3.2.1 Gaussian mutation

In the Gaussian mutation, the random numbers are generated based on the Gaussian distribution, whose one-dimensional probability density function can be given as Eq. (11) [50]

$$f_{{\mu ,\sigma^{2} }} (x) = \frac{1}{{\sigma \sqrt {2\pi } }}{\text{e}}^{{ - \frac{{(x - \mu )^{2} }}{{2\sigma^{2} }}}} ,$$

(11)

where μ is the mean value and σ ² is the variance. For convenience, Gaussian distribution can be described as N(μ, σ ²). In our work, the standard Gaussian distribution with μ = 0 and σ = 1, described as N(0,1), is used to generate random numbers.

3.2.2 Cauchy mutation

In the Cauchy mutation, the random numbers are generated based on the Cauchy distribution, whose one-dimensional probability density function can be given as Eq. (12) [50]

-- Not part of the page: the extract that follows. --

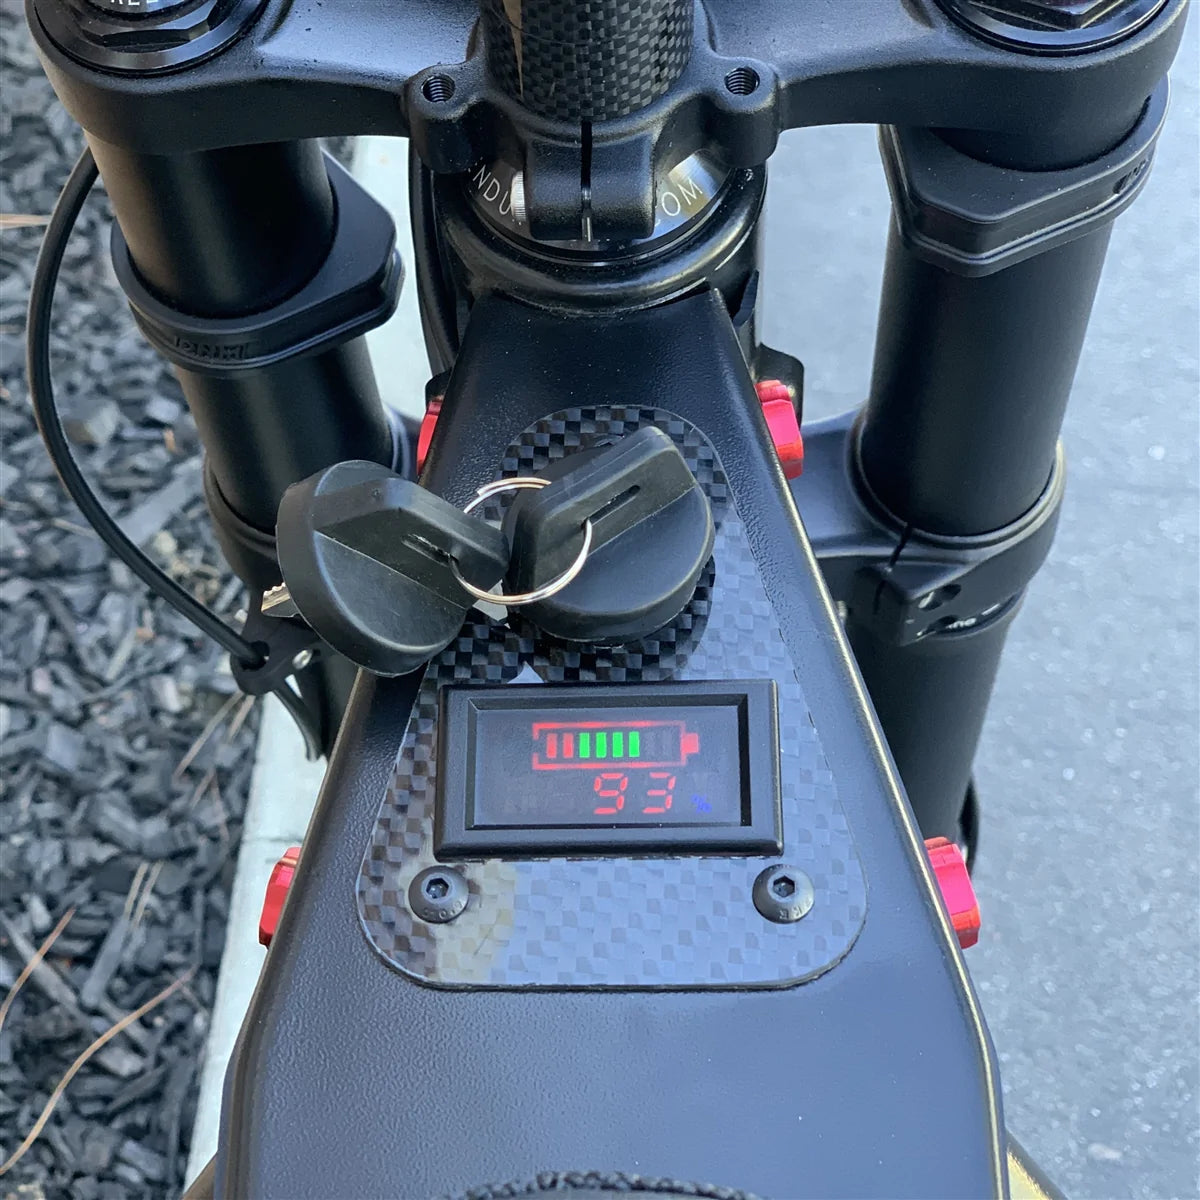 R&D - Cab Recon, le vélo électrique aussi performant qu'une petite moto !

$$f_{t} (x) = \frac{1}{\pi }\frac{t}{{t^{2} + (x - x_{0} )^{2} }},$$

(12)

where x ₀ is a location parameter which specifies the location of the peak of the distribution and t is a scale parameter which specifies the half width at half maximum. For convenience, Cauchy distribution can be described as C(t, x ₀). In our work, the standard Cauchy distribution with t = 1 and x ₀ = 0, described as C(1, 0), is used to generate random numbers.

3.2.3 Lévy mutation

In the Lévy mutation, the random numbers are generated based on the Lévy distribution. In a sense, Lévy distribution is a generalization of Gaussian distribution and Cauchy distribution. Its probability density function can be given as Eq. (13) [38, 43, 44]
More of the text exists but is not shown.